The Latvia national handball team is the national handball team of Latvia and is controlled by the Latvian Handball Federation. It has competed since 1993, playing its opening match in the 1994 European Championship qualifiers against Cyprus on 15 April 1993 in Nicosia, winning 32:28. 

In 2019 the team qualified for the 2020 European Championships for the first time in their history, previously reaching the qualification play-off stage in 2005. The team has not yet qualified for neither the Olympic Games nor World Championships, with their best results so far being participation in the world qualifiers play-offs in 2004 and 2016. 
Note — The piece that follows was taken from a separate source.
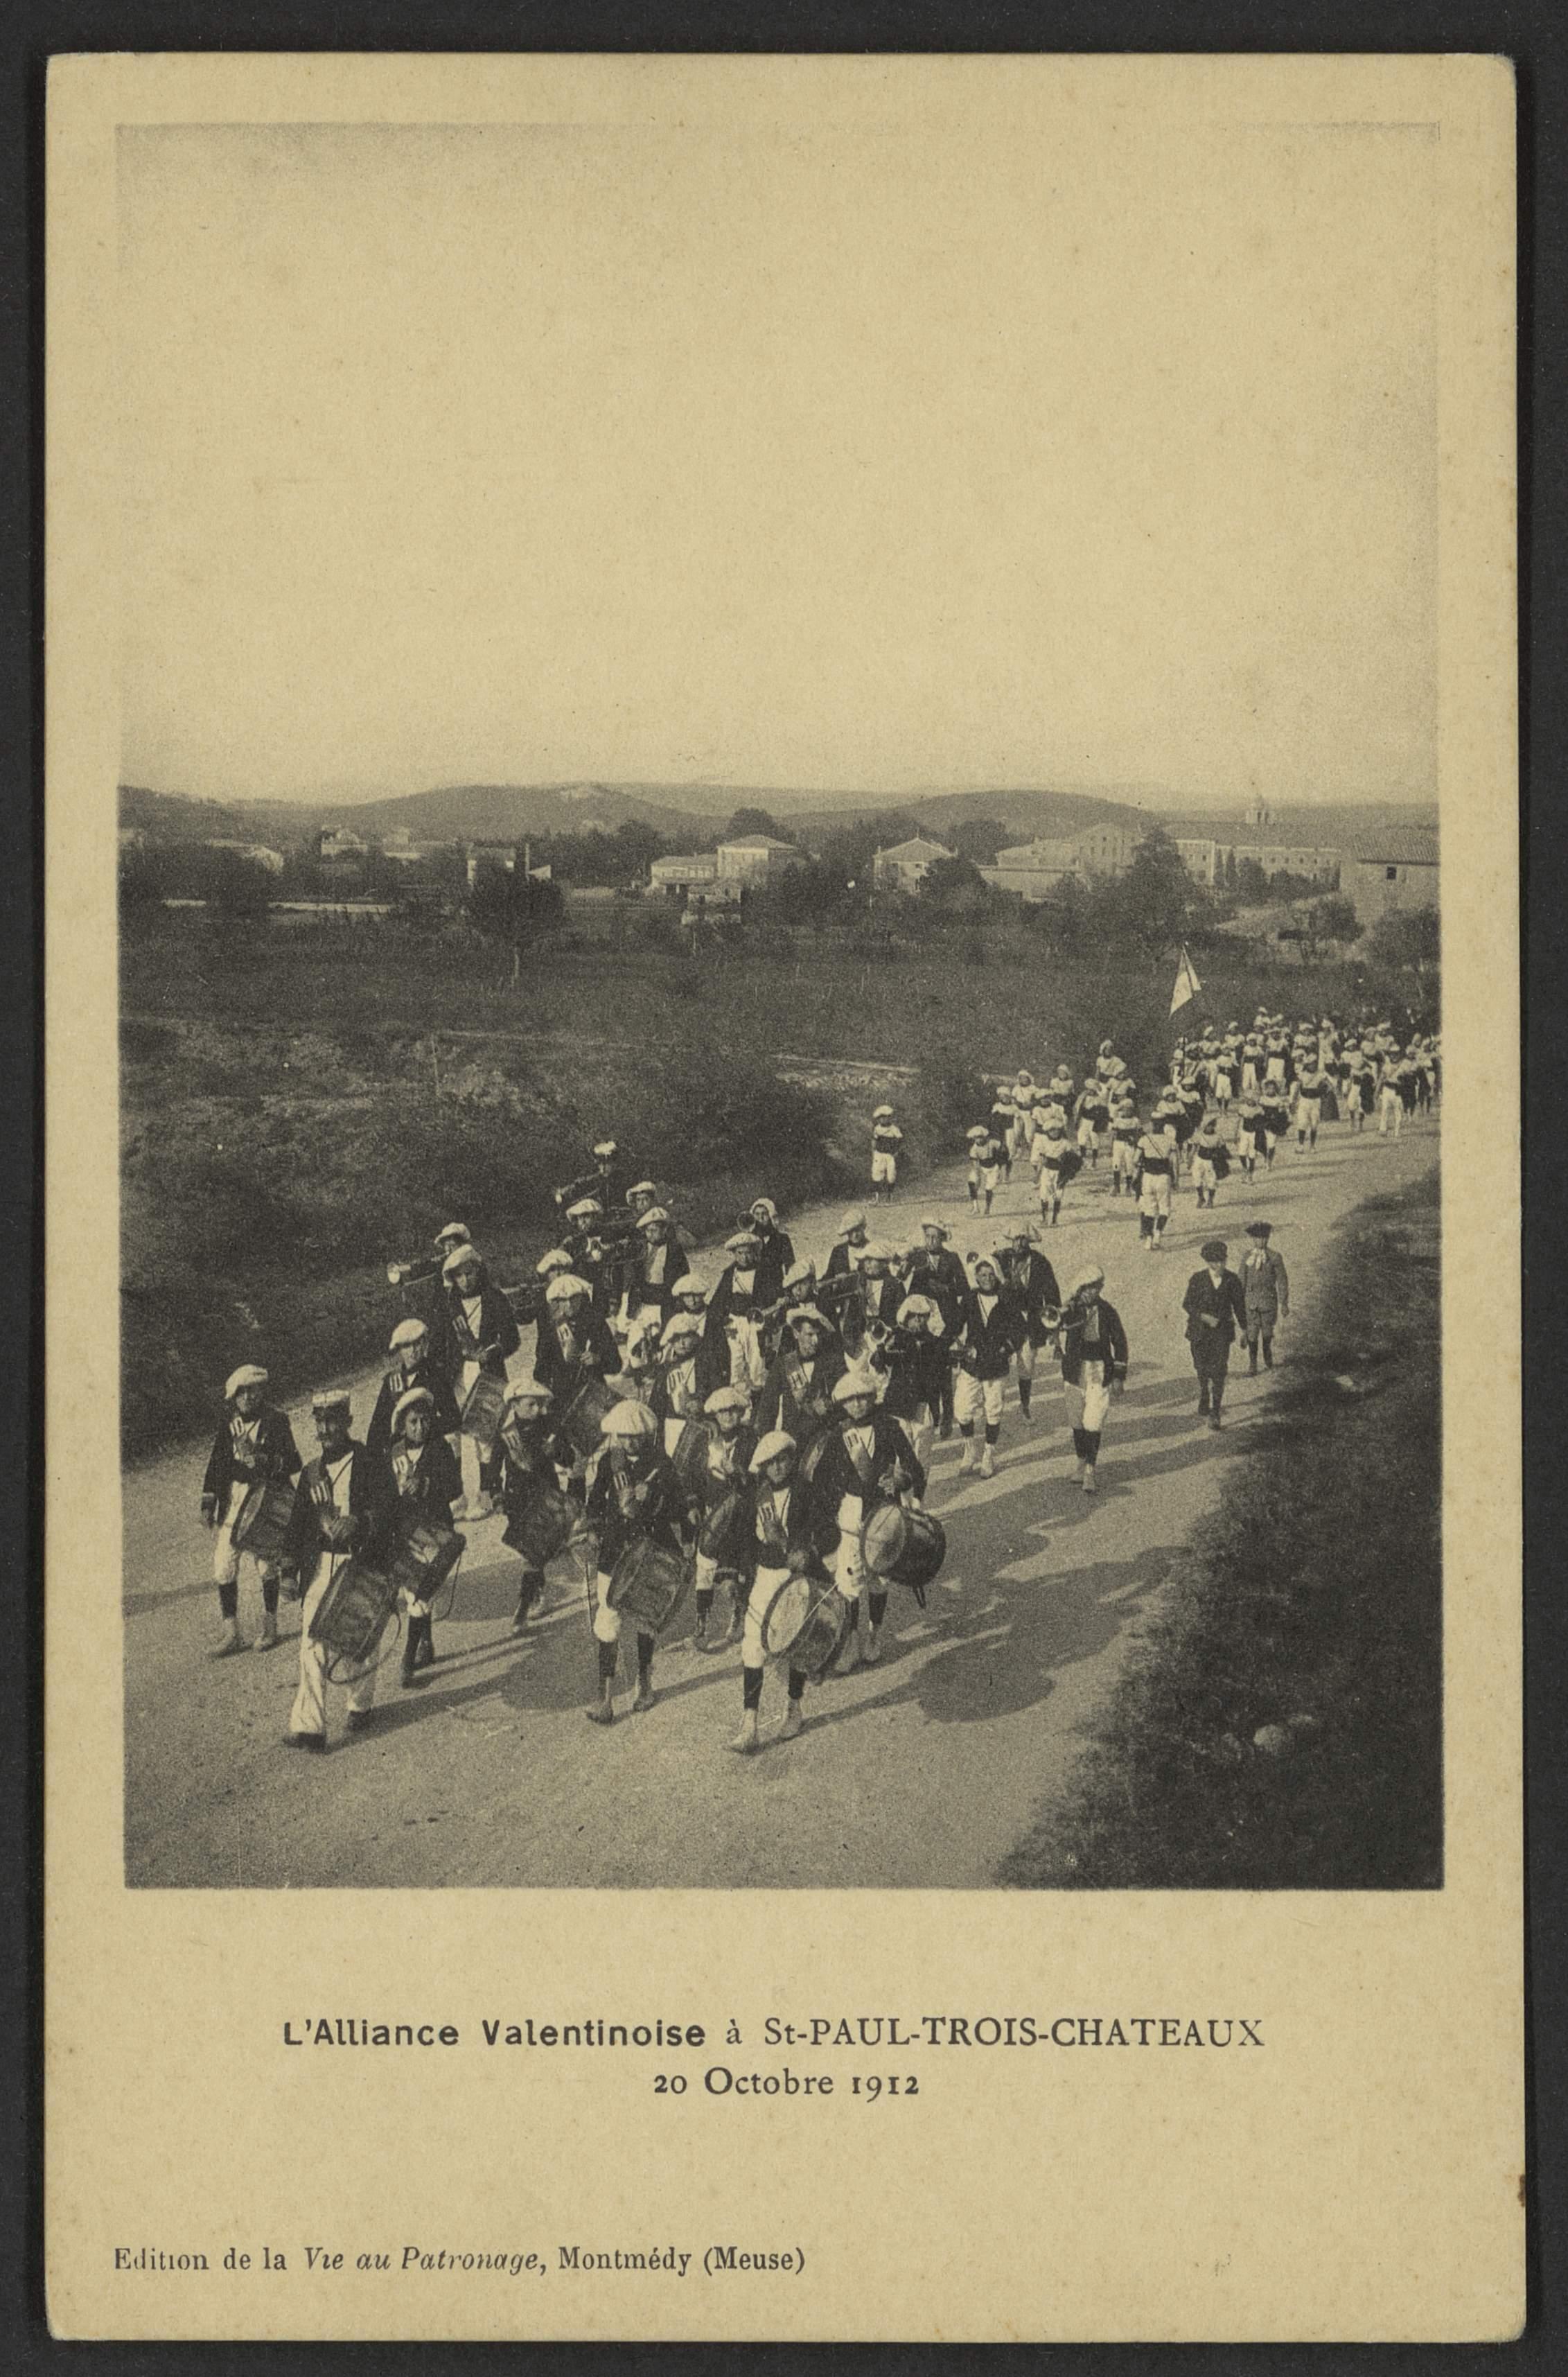 L'Alliance Valentinoise à St-Paul-Trois-Châteaux, 20 Octobre 1912

To this date Andris Gulbis has had the longest stint managing the team, working in 1998 and from 2005 to 2010. From 2017 til the end of Euro 2020 the team was  managed by former player Armands Uščins. The current head coach is Sandris Veršakovs.

Tournament record

European Championship
2020 – 24th place

IHF Emerging Nations Championship
2015 – 1st place

Team

Current squad
Squad for the 2020 European Men's Handball Championship.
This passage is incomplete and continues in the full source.